Arizona GOP gubernatorial candidate Kari Lake filed a lawsuit against Maricopa County election officials on Friday, alleging that the widespread problems experienced by Election Day voters were enough to change the outcome of the highly contested gubernatorial race.
Filed in Maricopa’s superior court against Secretary of State and Democrat gubernatorial candidate Katie Hobbs, County Recorder Stephen Richer, and the county’s board of supervisors, the lawsuit raises numerous issues regarding Maricopa’s conduction of the 2022 election, which Lake claims disenfranchised thousands of predominantly-Republican voters.
“The debacle that occurred in Maricopa County on [Nov. 8] — was ‘chaos’ as Maricopa County’s Board of Supervisors Chairman Bill Gates admitted on live TV during a press conference held shortly after Election Day,” the suit reads. “Video footage, first-hand accounts, and expert testimony directly contradict Maricopa County officials’ public statements deliberately attempting to downplay [the pandemonium].”
Within hours of polls opening on Election Day, printers with misconfigured settings in at least 70 of Maricopa’s 223 voting centers produced ballots that were rejected by many of the center’s vote tabulator machines, leading to long wait lines and confusion among poll workers and voters. While Gates and Richer told voters they could leave their original centers to vote at another location, the unfamiliarity with existing “check out” procedures resulted in more chaos.
Upon arriving at alternate centers, some voters were told by election officials that the county’s e-Pollbook had them marked as having already voted since they hadn’t been properly “checked out” of their original locations.
“The result of this confusion was predictable — a larger reduction in the number of votes cast for Lake, a much smaller reduction in the number of votes cast for Hobbs, and a highly improper relative advantage created for Hobbs,” the lawsuit reads.
Lake claims that Election Day voters in Maricopa favored her over Hobbs by a 3:1 ratio and their ability to properly vote would have resulted in her gaining between 15,000 to 30,000 votes in the county’s final election canvass. According to Arizona’s certified election results, Hobbs defeated Lake by roughly 17,000 votes.
Also included in the legal filing are accusations of illegal ballots being tabulated over the course of the election. Citing sworn testimony from several poll workers involved in Maricopa’s signature verification and curing process for early voting ballots, Lake contends that the county’s signature verification managers “had a practice of sending already rejected ballots back through the process,” which allegedly led to as many as tens of thousands of ballots with “mismatched signatures” being officially counted.
Testimonies alleging chain of custody issues are also included in the suit, with Lake asserting that Maricopa election officials failed to document chain of custody records for nearly 300,000 ballots as required by Arizona law.

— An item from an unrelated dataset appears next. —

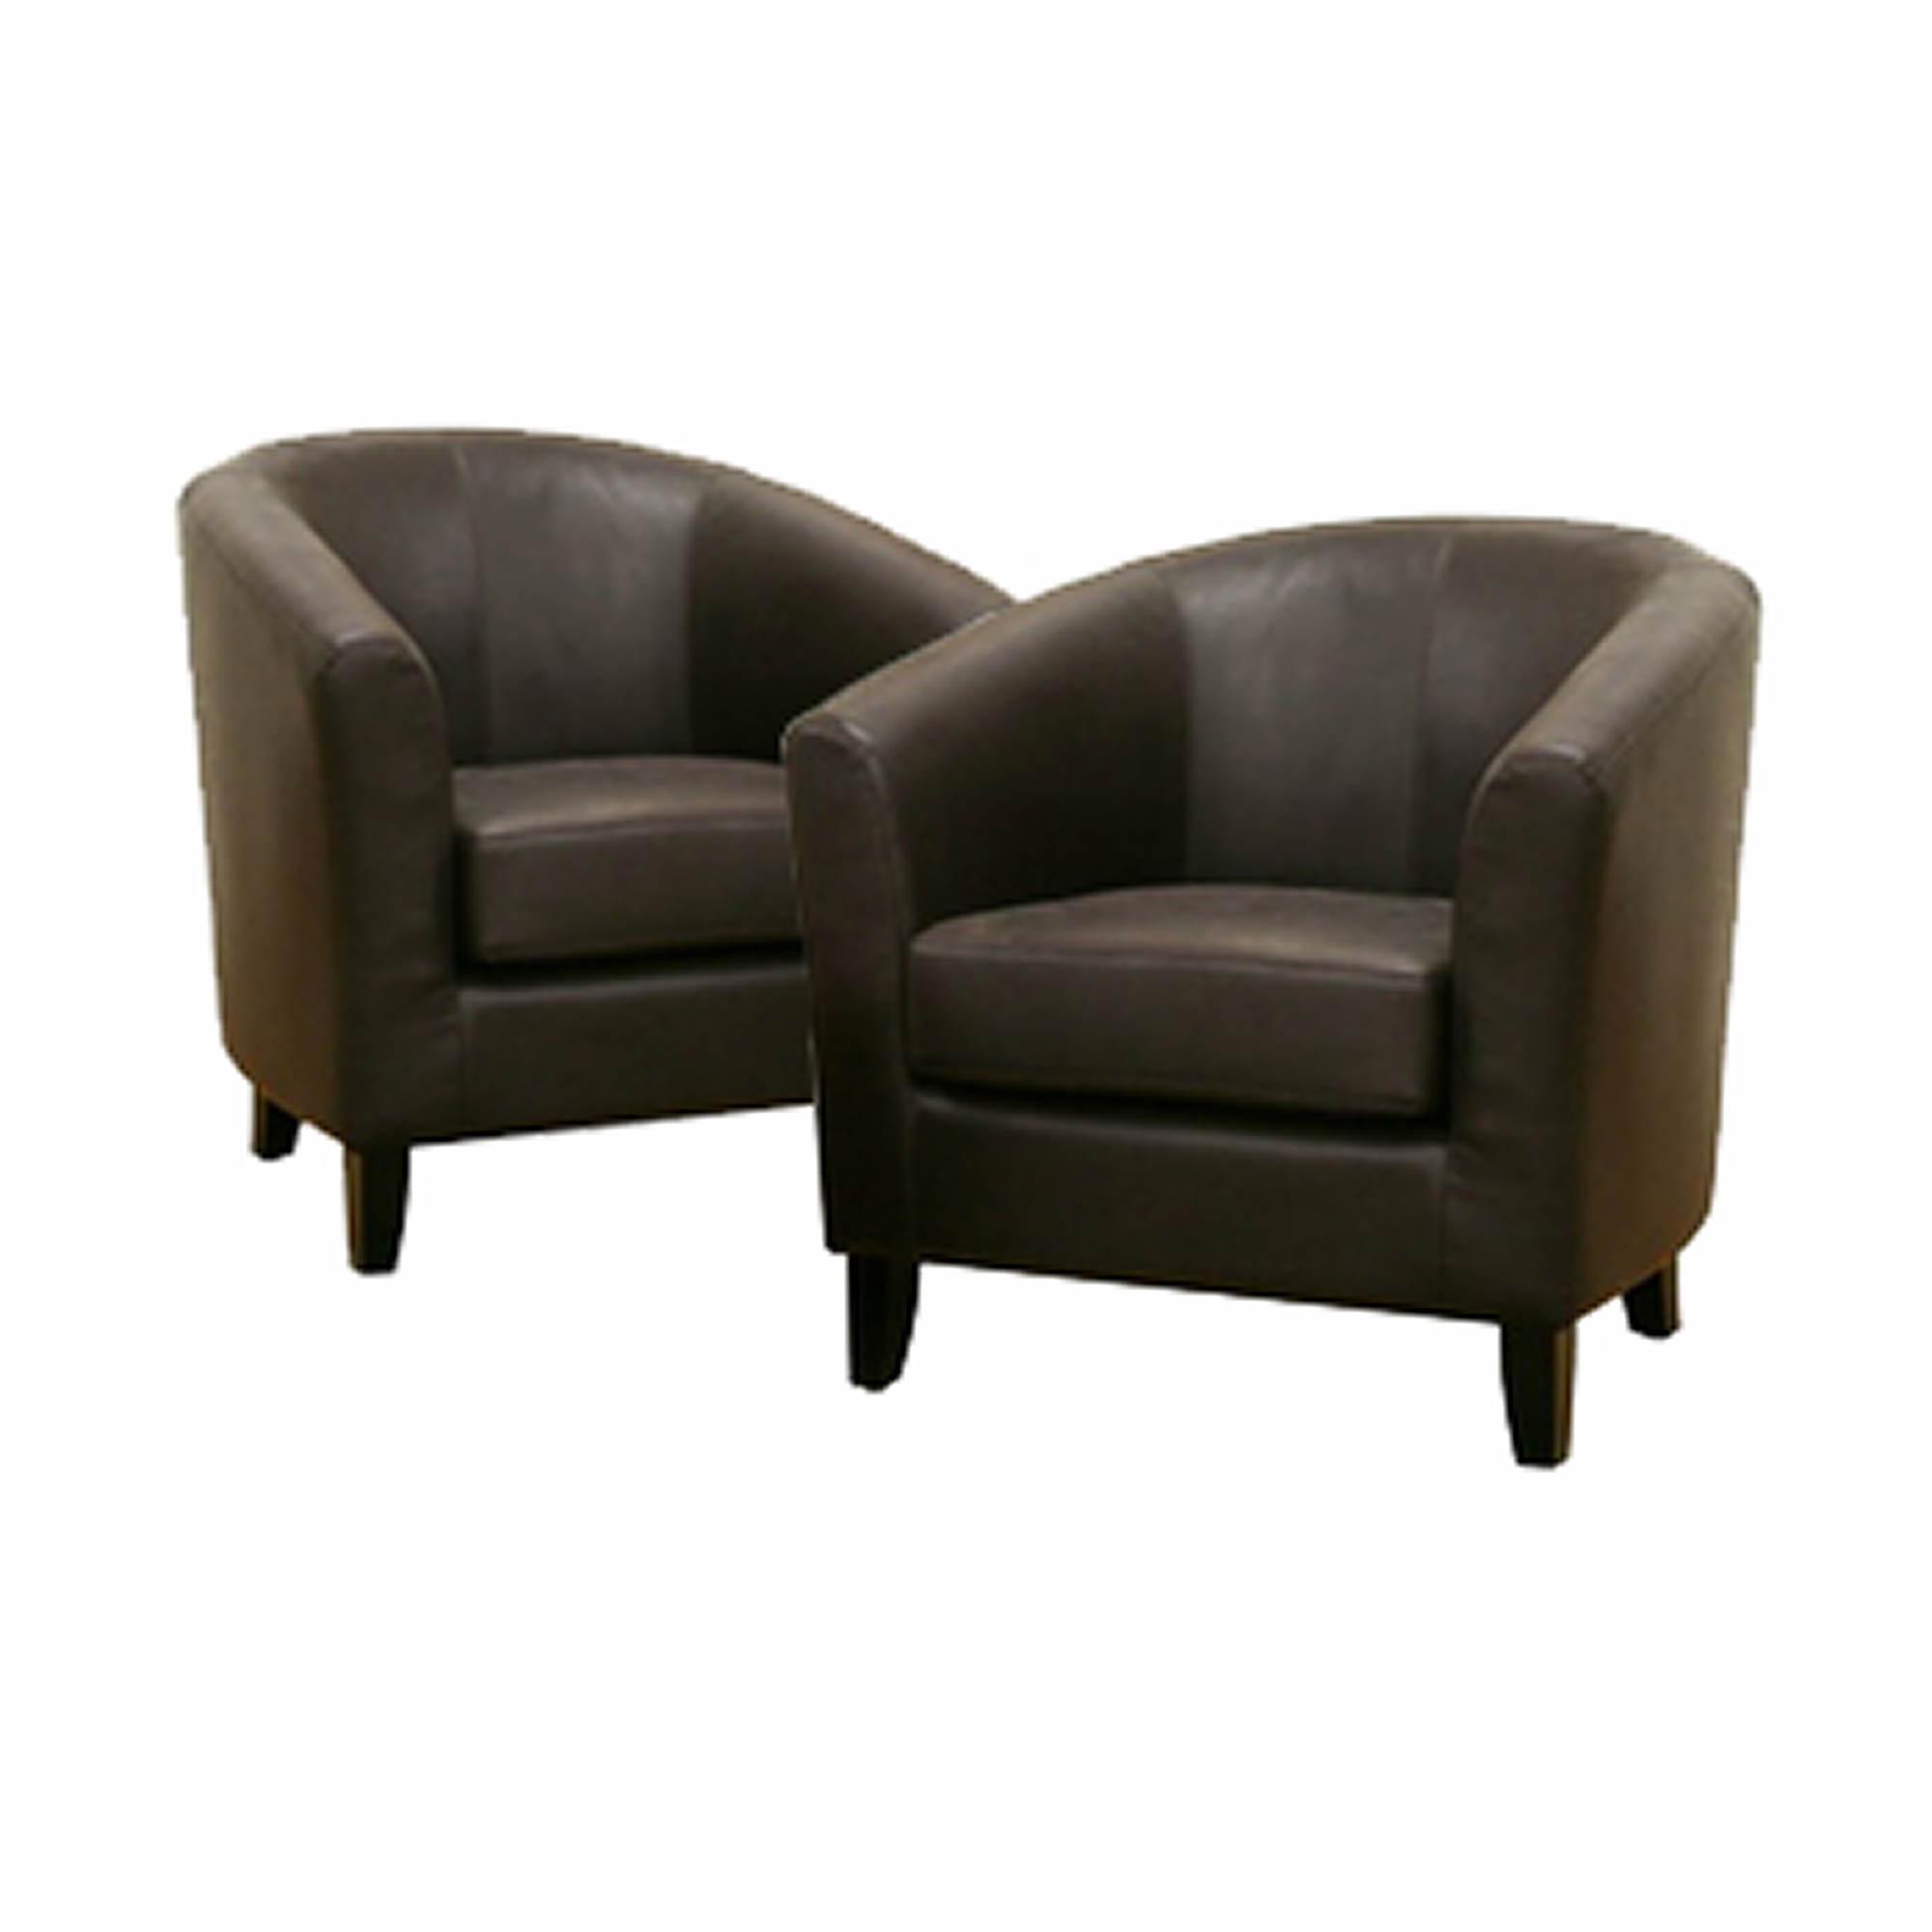 Baxton Studio Belinda Bonded Leather Club Chairs Set Of 2
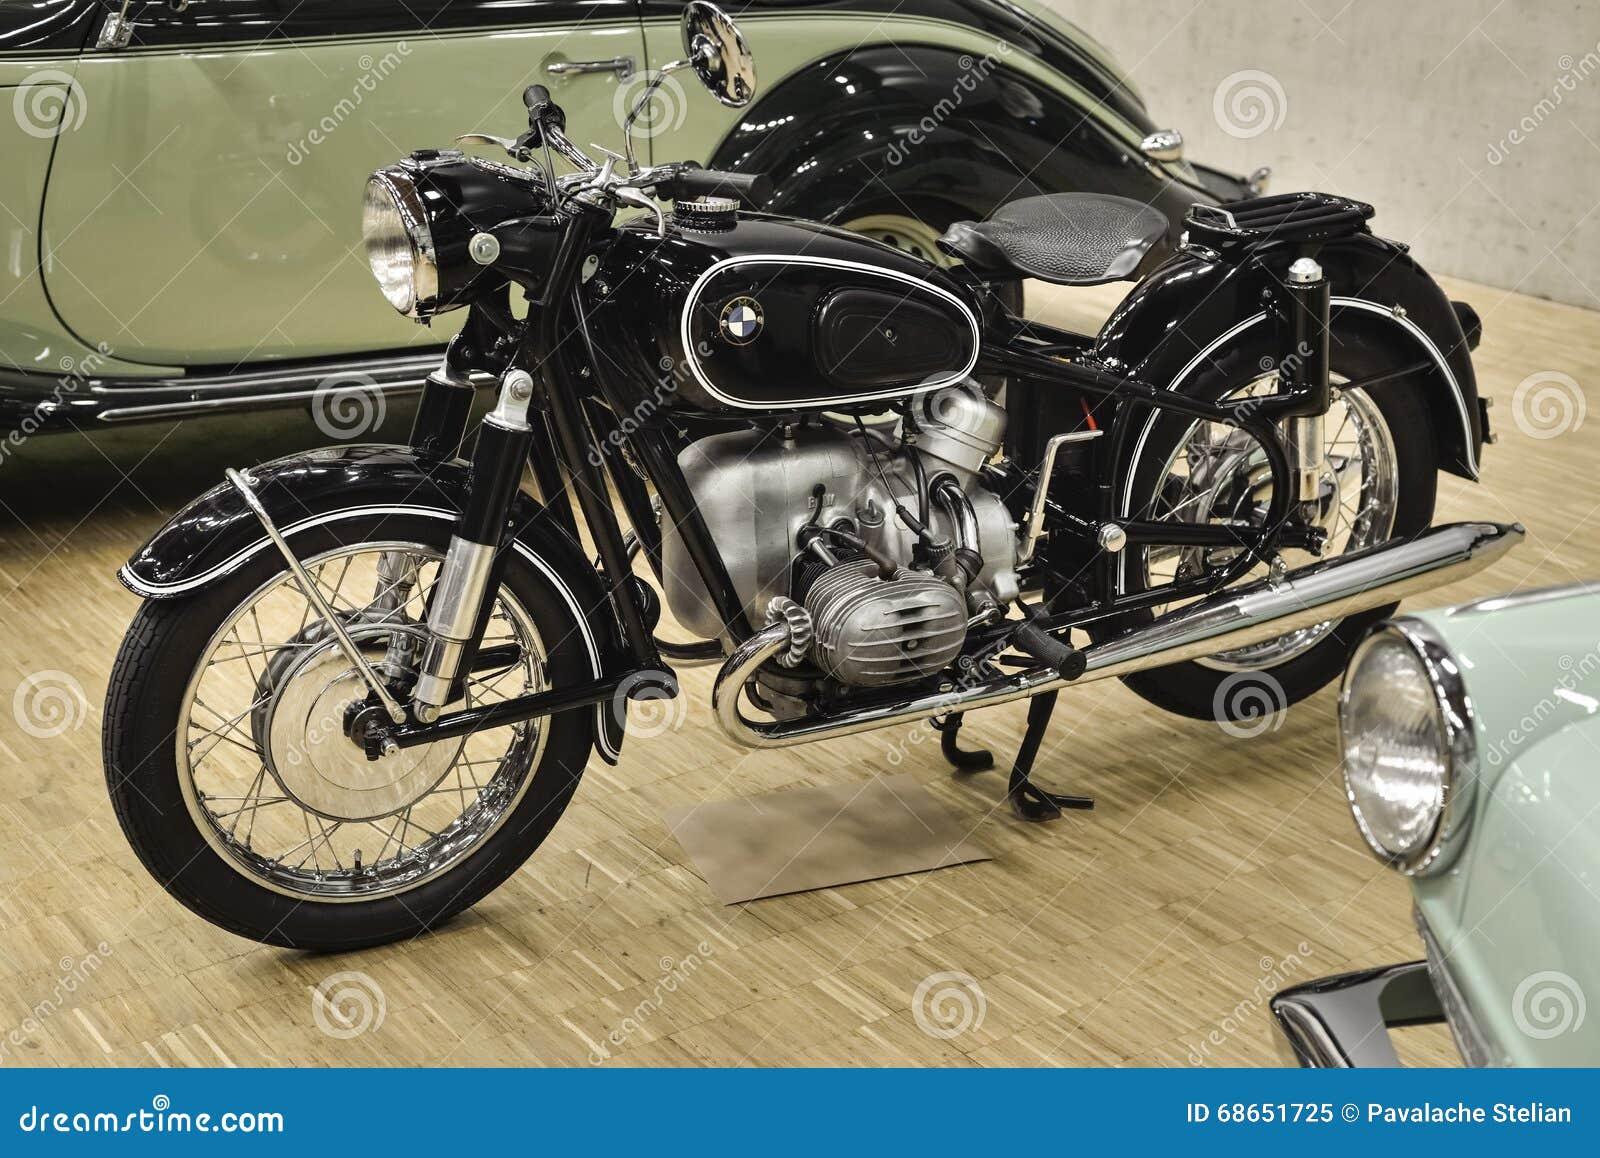 Bmw R Powered Cylinder Ohv Boxer Engine Beautiful Old Motorcycle Switzerland

In addition to requests for access to Maricopa’s 2022 ballots and an examination of the printer-tabulator problems, Lake has asked the court to vacate the certification of the 2022 gubernatorial contest and require Maricopa County to re-conduct another election “in conformance with all applicable law and excluding all improper votes.” She furthermore has demanded that the court invalidate all illegal votes “on an absolute or prorated basis.”
“This case is about restoring trust in the election process — a trust that Maricopa County election officials and Hobbs have shattered,” the suit reads. “The judicial system is now the only vehicle by which that trust can be restored.”